▶ **SOURCE RECORDS**:
——

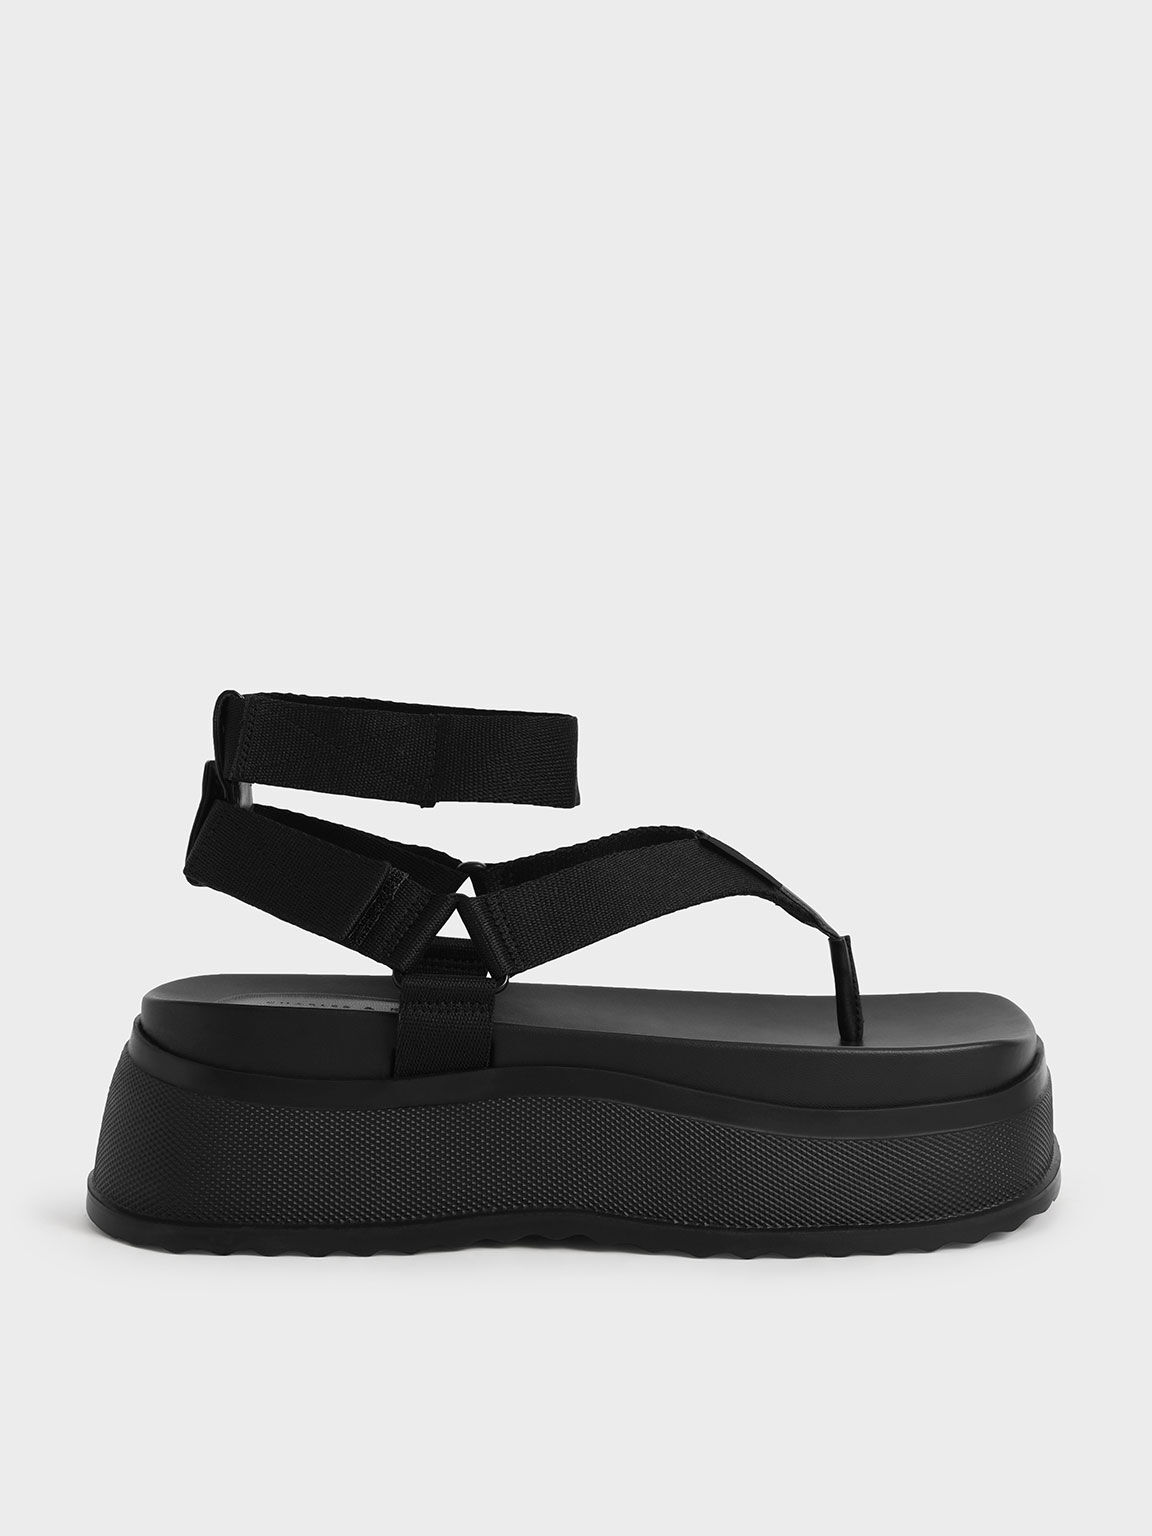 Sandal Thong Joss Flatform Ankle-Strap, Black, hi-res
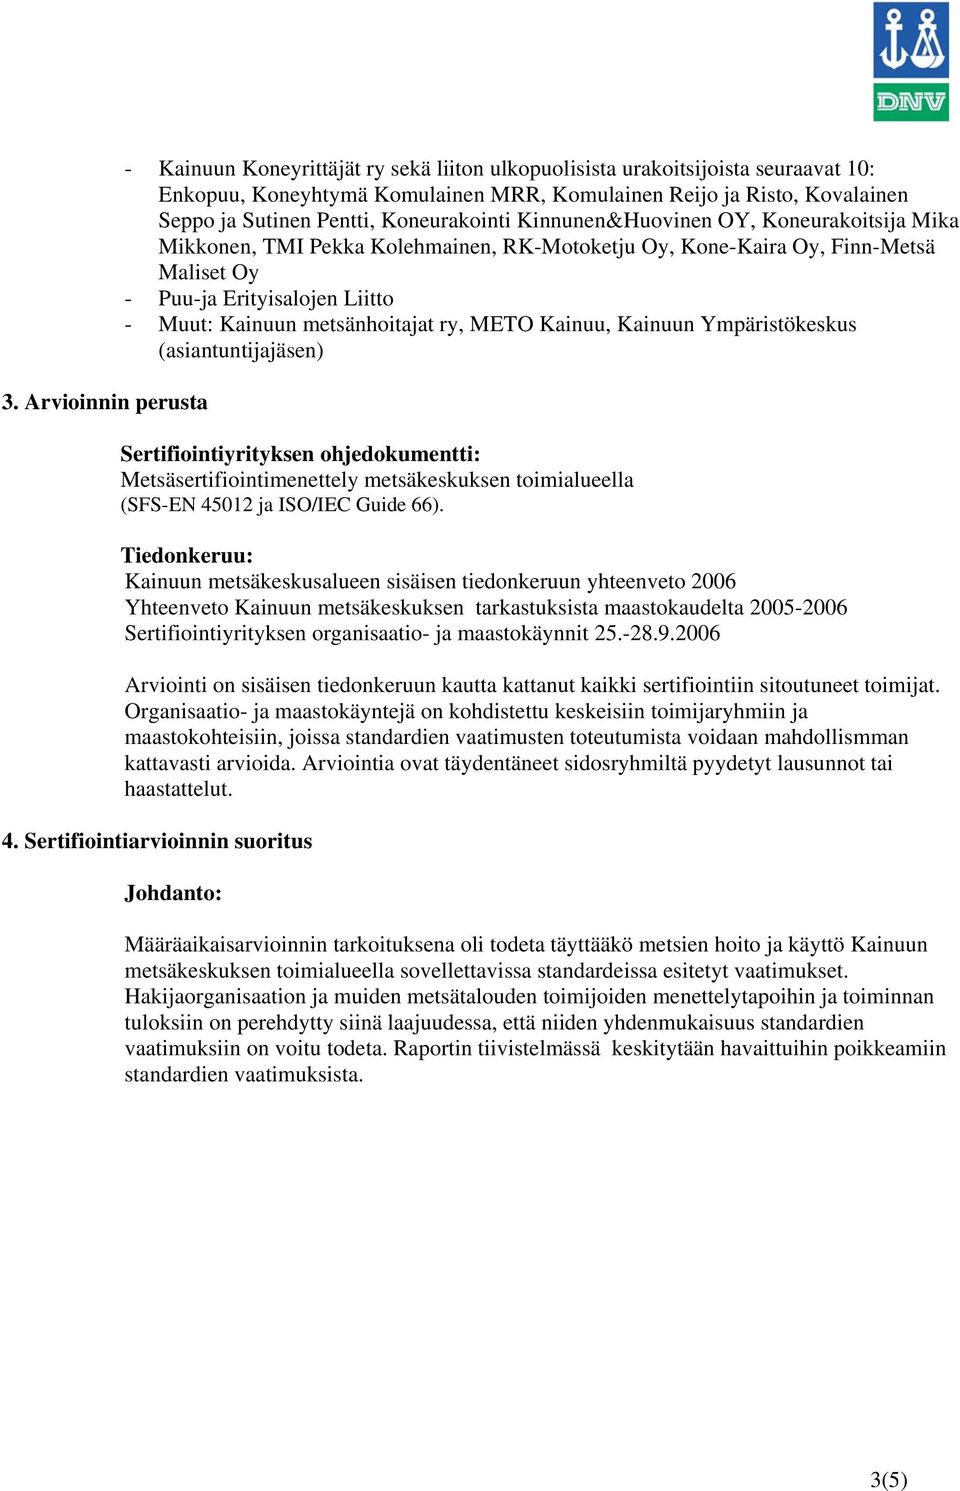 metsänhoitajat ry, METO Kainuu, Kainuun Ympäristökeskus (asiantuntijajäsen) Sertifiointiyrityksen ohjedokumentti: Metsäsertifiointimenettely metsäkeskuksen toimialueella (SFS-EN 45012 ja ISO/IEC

——

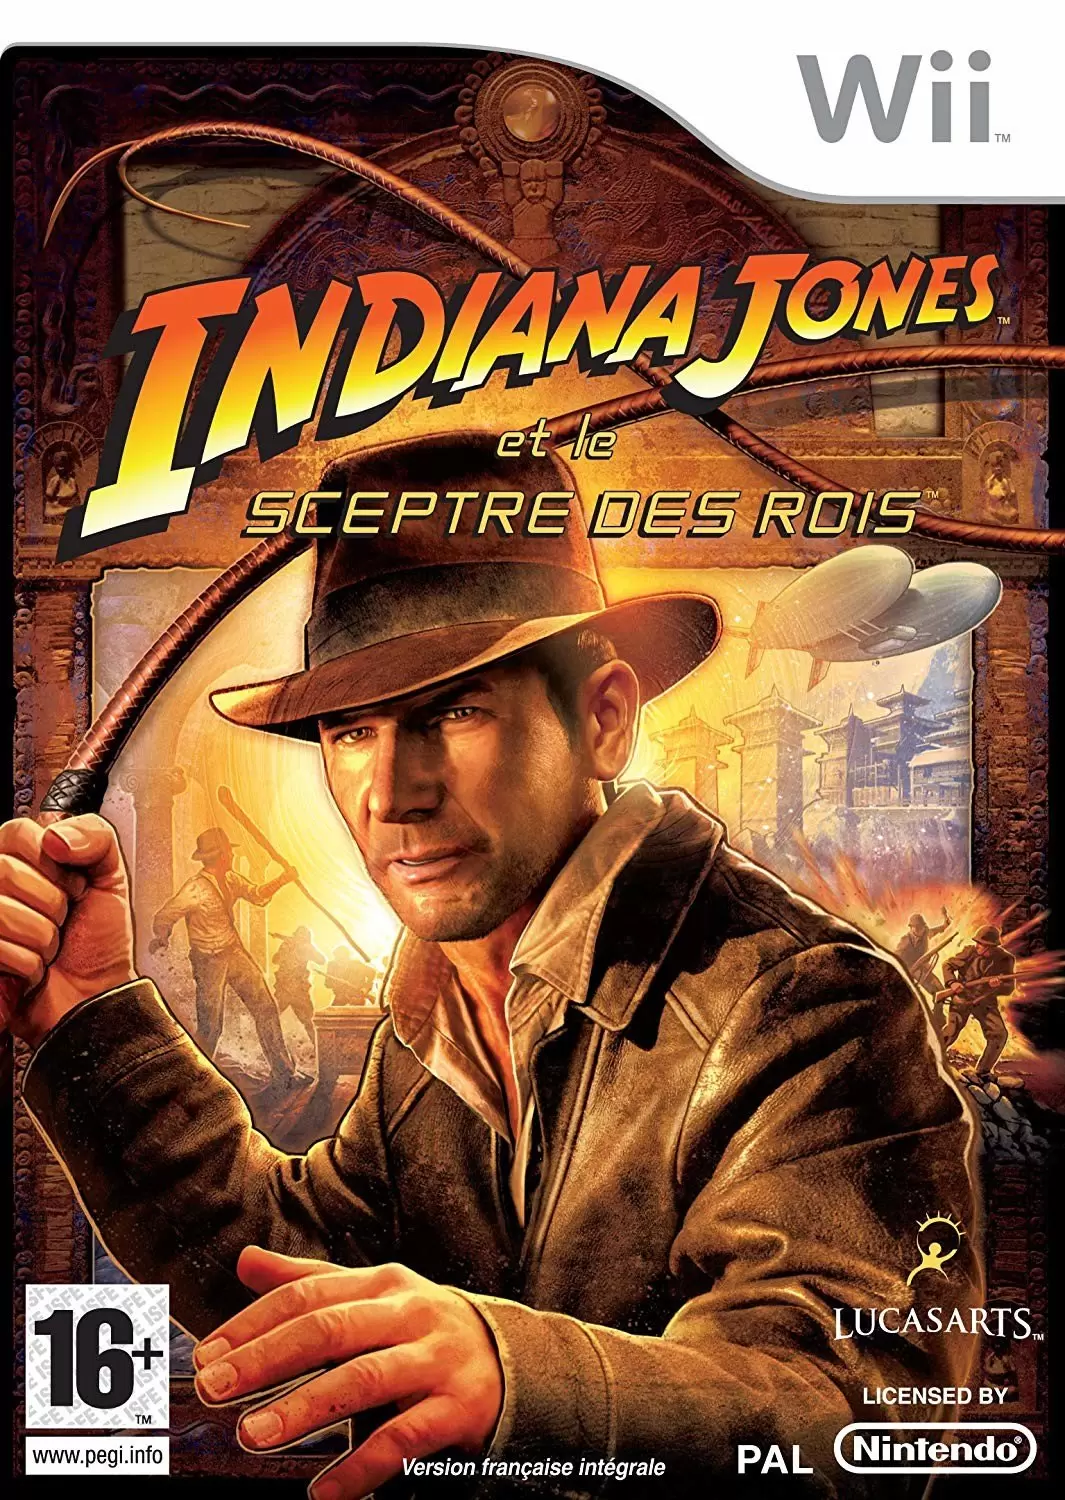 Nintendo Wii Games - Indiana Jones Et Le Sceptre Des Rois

——

▶ **PROMPT**: Give back exactly the lines above from the one with "Sandal Thong Joss" through the one with "metsänhoitajat ry, METO", both included. Pictures don't belong in the copy.

▶ **RESULT BELOW**:
 Sandal Thong Joss Flatform Ankle-Strap, Black, hi-res
 metsänhoitajat ry, METO Kainuu, Kainuun Ympäristökeskus (asiantuntijajäsen) Sertifiointiyrityksen ohjedokumentti: Metsäsertifiointimenettely metsäkeskuksen toimialueella (SFS-EN 45012 ja ISO/IEC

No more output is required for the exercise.